The wedding itself had been on 1 May (11 May), with Charles de Lorraine, the Protestant Duc de Chevreuse and a distant cousin of Charles, acting as the king’s proxy. The princess had dressed in a lavish gown of gold and silver thread decorated with diamonds and fleurs-de-lis, the fabric making the train so heavy i
t took three women to carry it. In the late afternoon, Henrietta Maria had been led from the archbishop’s palace along an arcade raised on pillars and swathed in satin to the great west door of Notre Dame, where Chevreuse, in a black velvet suit with slashed sleeves, was waiting for her on a specially erected stage. The ceremony was conducted in the open, with Cardinal de la Rochefoucauld presiding, intoning a liturgy acceptable to both sides. Onlookers, including the English ambassadors, could admire a demonstration of ecumenical toleration, a Catholic princess, god-daughter of the pope, exchanging vows with the representative of one of Europe’s most powerful Protestant figures. But as soon as the ceremony was over, Henrietta Maria and her entourage disappeared through the doors into the church for a private mass, leaving the proxy groom and English ambassadors to stand outside.
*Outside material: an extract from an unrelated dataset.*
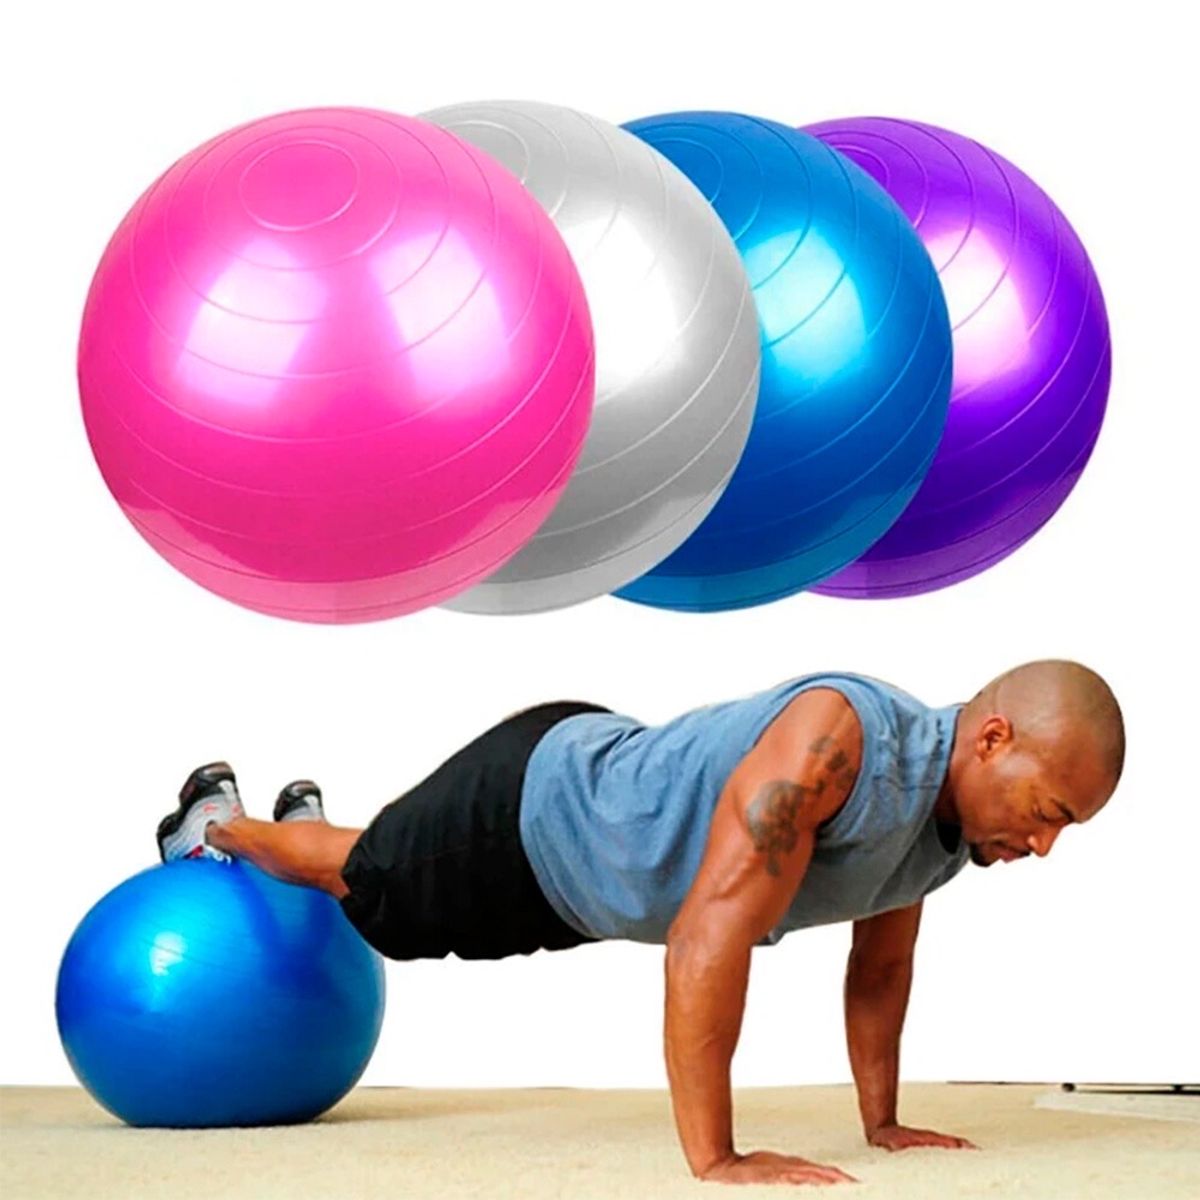 Bola Suiça Pilates Yoga Abdominal Fitness 65cm + Bomba Exercícios Força 816  - NEHC - Bola de Pilates - Magazine Luiza
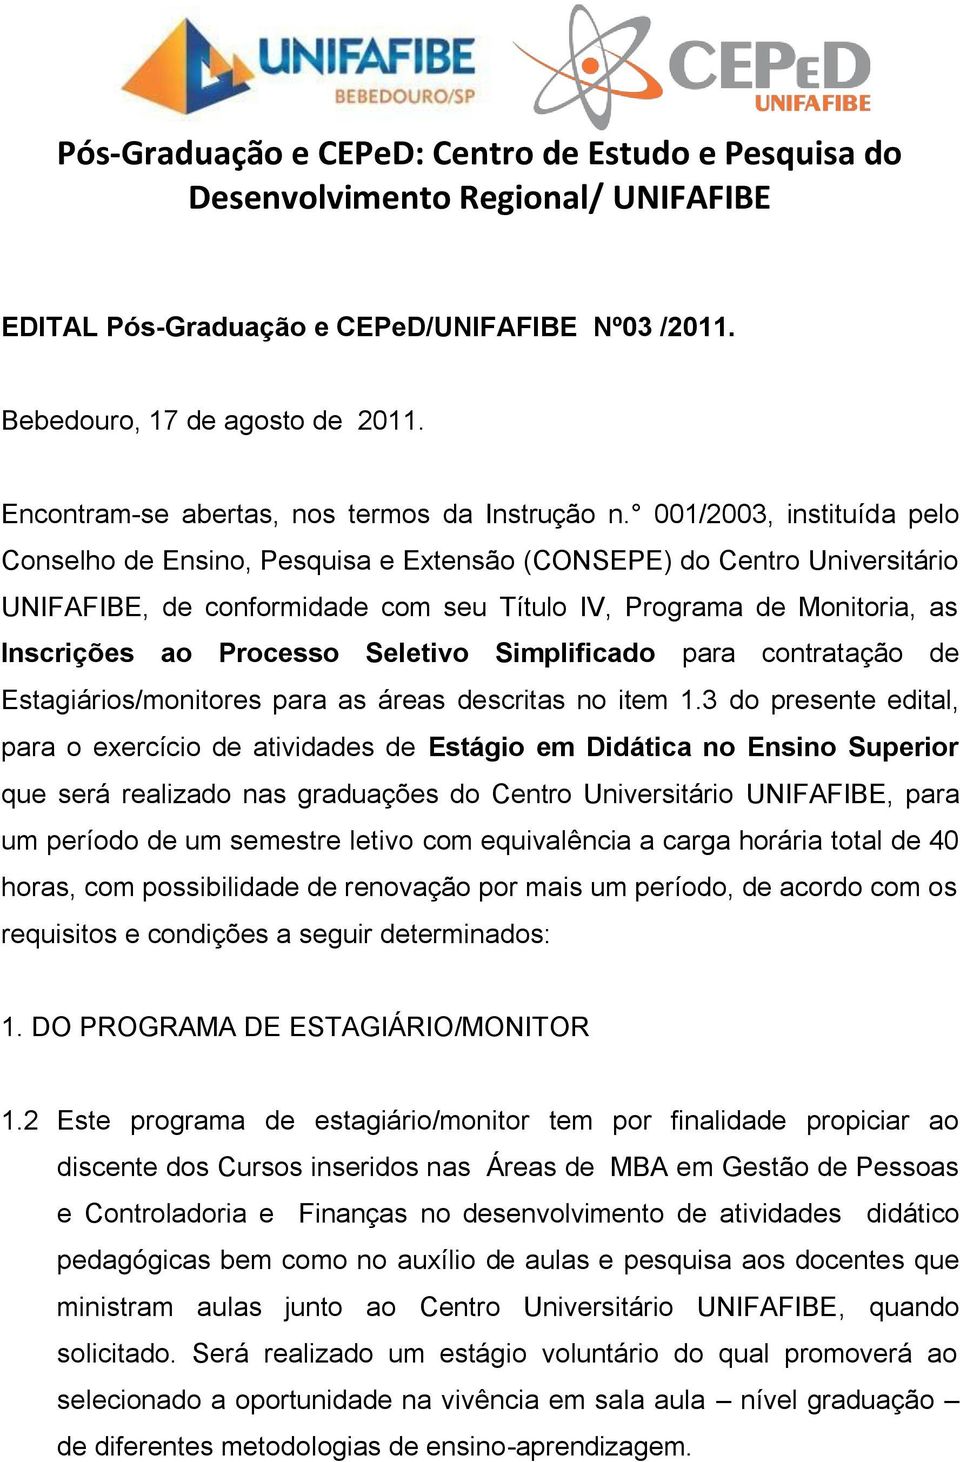 001/2003, instituída pelo Conselho de Ensino, Pesquisa e Extensão (CONSEPE) do Centro Universitário UNIFAFIBE, de conformidade com seu Título IV, Programa de Monitoria, as Inscrições ao Processo

As celebrations to mark the wedding had begun in Paris, London was in mourning for the death of King James.
The late king had lain in state in Denmark House for a month, his body ‘seared and wrapped in lead’ inside a sumptuous coffin filled with ‘odours and spices’ to cover the smell of putrefaction, and decorated with purple velvet, ‘the handles, nails, and all other iron-work about it being richly hatched with gold’. A life-size effigy dressed in state robes had been placed on top of the coffin, the painted, wooden head bearing James’s crown laid on a purple velvet cushion. Despite Protestant disapproval of idol worship, the effigy became a holy relic for the thousands of members of the public who poured into the chamber of sorrows to pay their respects.
George, meanwhile, had suffered another collapse in his mental as well as physical health, suffering from an ‘impostume’ or purulent cyst that ‘broke in his head’ and made him ‘somewhat crazy’. He became so weak, he had to be carried around the streets in a chair. Whether it was grief or remorse, it was intense. The royal secretary Conway saw him become ‘sorrow itself’: if ‘grief and sickness not shorten his days as friends fear it will’, it seemed possible he might commit suicide. Charles tried to console the duke, promising to be an even more gracious master than his father. At one point, he even showed a hint of impatience, suggesting that if George were to show any more anguish, it would be to suggest ‘want of confidence’ in the new king.